Eurozone M1 weakness suggesting core slowdown, peripheral recession
Eurozone narrow money trends continue to weaken, signalling a sharp slowdown in economic growth in the first half of 2011.
Commentary on November monetary statistics is likely to focus on a small pick-up in broad money, M3, growth, to an annual 1.9% from 0.9% in October. Narrow money, M1, however, has been a much better economic leading indicator historically; it contracted in real terms ahead of the last recession, while M3 was still growing solidly. M1 rose by an annual 4.6% in November, down from 4.9% in October. Ominously, its inflation-adjusted level was lower than six months earlier – see first chart.
M1 comprises currency in circulation and overnight deposits – forms of money more likely to be related to economic transactions. M3 also includes time and notice deposits and money market funds, making it more susceptible to changes in savings behaviour. The recent slight pick-up reflects these components and is probably related to escalating financial stress that has caused investors to hold more of their wealth in liquid form (i.e. a rise in the precautionary demand for money).
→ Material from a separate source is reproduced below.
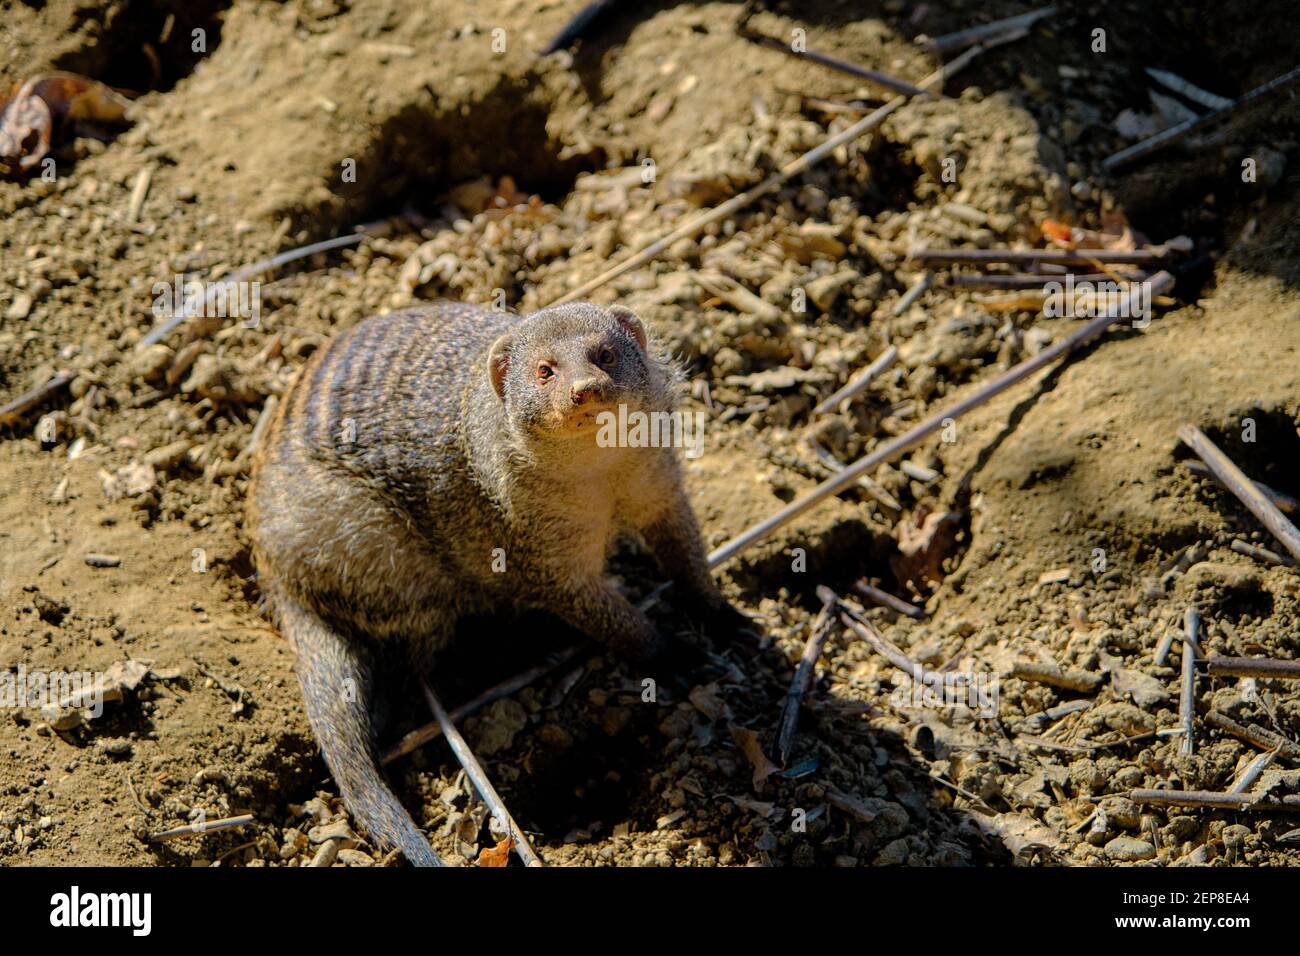 Banded mongooses in zoo during sunny day. Animals looks like big mouse and  rat standing on soil Stock Photo - Alamy

Available country M1 information suggests that the Eurozone periphery is locked into a "double dip" that will undermine fiscal consolidation plans. The ECB publishes a country breakdown of overnight deposits but not currency. The deposits analysis shows a 2.8% real contraction (not annualised) in peripheral economies – Greece, Ireland, Italy, Portugal and Spain – over the last six months. This is comparable with the decline in early 2008 just ahead of the plunge into recession – second chart. Weakness is most pronounced in Greece but real M1 deposits are falling in all five economies, with a notable acceleration in the pace of contraction in Italy recently – third chart.
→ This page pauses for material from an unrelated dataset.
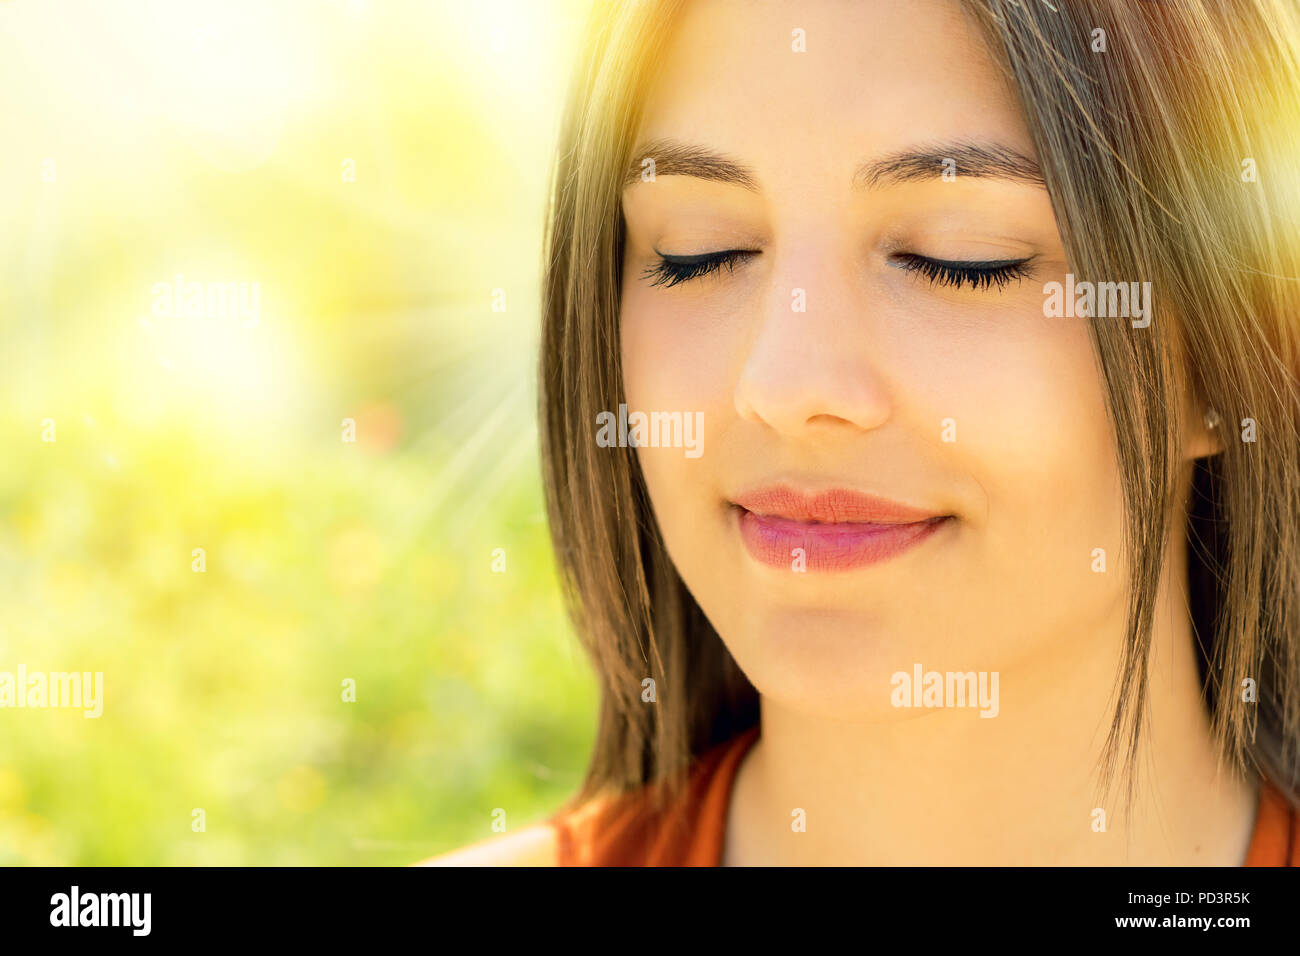 Close up portrait of attractive relaxed young woman meditating outdoors.Girl with eyes closed against bright colorful outdoor background. Stock Photo

Eurozone-wide real M1 trends are stronger than in early 2008, reflecting continued expansion in the core – Austria, Benelux, France and Germany. Core growth, however, has fallen sharply since the summer, suggesting a slowdown in internal economic momentum to accompany an intensifying drag from the periphery. Country figures reveal a contraction of real M1 deposits in Belgium and the smallest six-month rise in Germany since late 2008.